Gepubliceerd: 16 december 2022
Indiener(s): Kuipers
Onderwerpen: gezondheidsrisico's zorg en gezondheid
Bron: https://zoek.officielebekendmakingen.nl/kst-36194-38.html
ID: 36194-38

Nr. 38 BRIEF VAN DE MINISTER VAN VOLKSGEZONDHEID, WELZIJN EN SPORT

Aan de Voorzitter van de Tweede Kamer der Staten-Generaal

Den Haag, 16 december 2022

Op 12 december jl. heeft het wetgevingsoverleg over de Eerste tranche wijziging van de Wet publieke gezondheid plaatsgevonden (hierna: het wetsvoorstel). In dit overleg heb ik uw Kamer toegezegd om de noodbevoegdheid, zoals voorgesteld in artikel 58d van het wetsvoorstel, nader toe te lichten en een schriftelijke appreciatie op het subamendement met Kamerstuk 36 194, nr. 26 van het lid Hijink toe te sturen. Hierbij kom ik tegemoet aan deze toezeggingen. Subamendement met Kamerstuk 36 194, nr. 26 is ondertussen gewijzigd in subamendement met Kamerstuk 36 194, nr. 36. Mijn appreciatie richt zich derhalve tot het gewijzigde amendement. Daarnaast bevat deze brief ook appreciaties van drie nieuw ingediende amendementen, te weten amendement met Kamerstuk 36 194, nr. 29 van de leden Hijink en Van den Berg, amendement met Kamerstuk 36 194, nr. 30 van de leden Pouw-Verweij, Agema, Van der Staaij en Van der Plas en amendement met Kamerstuk 36 194, nr. 31 van het lid Van Esch.
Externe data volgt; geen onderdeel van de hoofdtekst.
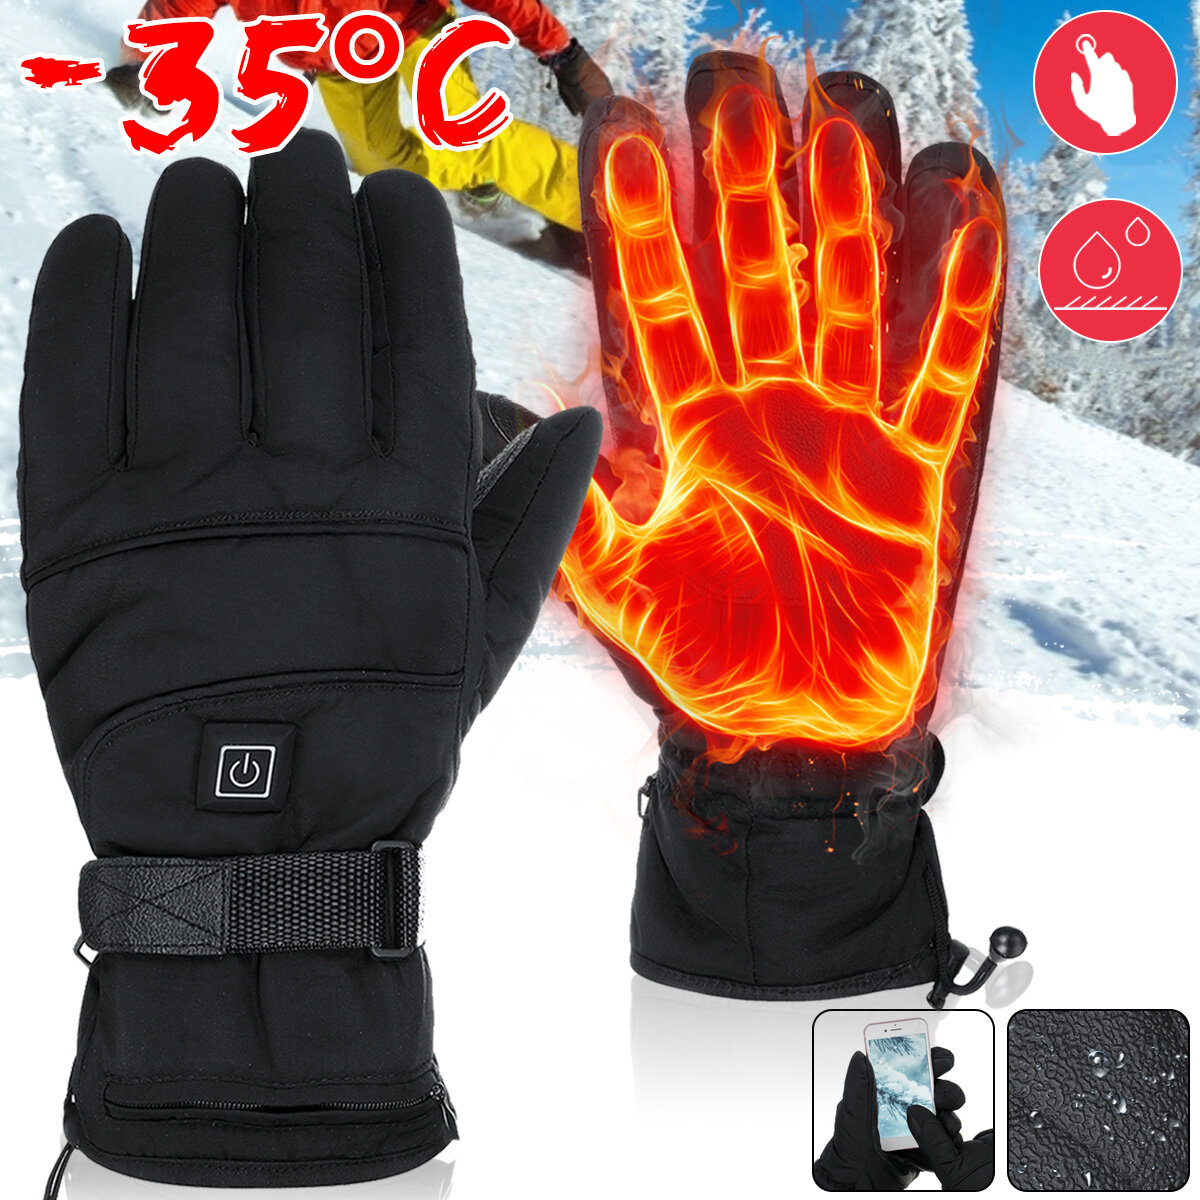 

USB Powered 3-Gear Temperature Control Winter Warm Waterproof Windproof Outdoors Motorcycle Riding Heated Gloves
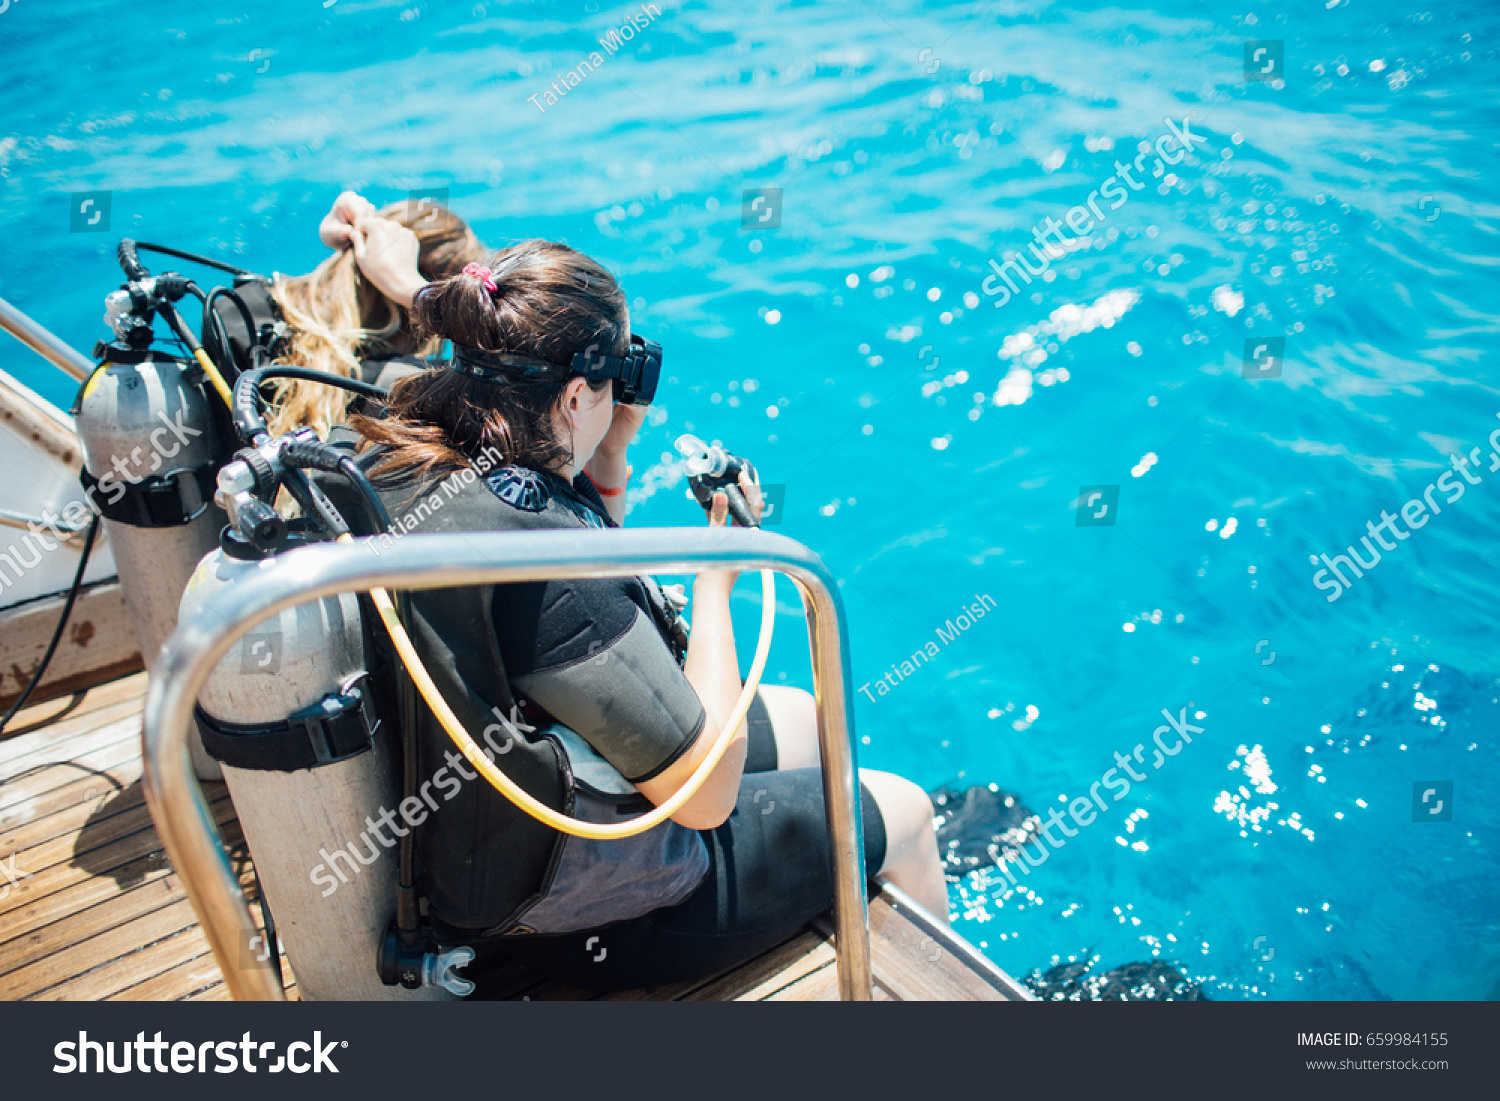 Scuba diver before diving. Diving lesson in open water. #659984155

De amendementen met Kamerstuk 36 194, nrs. 15 tot en met 18 van de leden Westerveld en Kuiken zijn gewijzigd ingediend met Kamerstuk 36 194, nrs. 32 tot en met 35. Dit betreft uitsluitend wetstechnische en redactionele aanpassingen. Aangezien de strekking van deze amendementen hetzelfde is gebleven, blijft de door mij tijdens het wetgevingsoverleg uitgesproken appreciatie (oordeel Kamer) met betrekking tot deze vier amendementen ongewijzigd.

Noodzaak noodbevoegdheid

De noodbevoegdheid is noodzakelijk, omdat zich in een epidemie van een A1-infectieziekte omstandigheden kunnen voordoen waarin maatregelen nodig zijn waar op dat moment (nog) geen specifieke bevoegdheidsgrondslag voor is. Niet alle gevolgen en karakteristieken van een A1-infectieziekte zijn vooraf te voorzien. Daarom is het ook niet mogelijk om vooraf een uitputtende lijst van maatregelen samen te stellen die noodzakelijk zijn om een A1-infectieziekte te bestrijden. De noodbevoegdheid is daarmee cruciaal voor de effectieve bestrijding van een toekomstige A1-infectieziekte. In haar advies op het wetsvoorstel acht de Afdeling advisering van de Raad van State de noodbevoegdheid, net als de regering, derhalve onmisbaar.1

Inzet van de noodbevoegdheid

Uw Kamer heeft specifiek gevraagd in welke situaties gebruik kan worden gemaakt van de noodbevoegdheid. Voor de inzet moet, conform de vereisten uit artikel 58b van het wetsvoorstel, een beoordeling plaatsvinden van de noodzaak, geschiktheid, proportionaliteit en subsidiariteit van de maatregel.

Daarnaast gelden op grond van artikel 58d van het wetsvoorstel twee specifieke aanvullende voorwaarden:

  • Ten eerste moet er sprake zijn van een situatie met grote spoed. Hier is sprake van indien zich een dringende omstandigheid voordoet, waarin direct moet worden gehandeld. Deze spoed dient dusdanig te zijn dat niet kan worden gewacht op de behandeling van een (spoed)wetsvoorstel. Wanneer een (spoed)wetsvoorstel gelet op de mate van spoed mogelijk is, wordt dus altijd gekozen voor een (spoed)wetsvoorstel;

  • Ten tweede moeten de specifieke bevoegdheidsgrondslagen in het wetsvoorstel ontoereikend zijn.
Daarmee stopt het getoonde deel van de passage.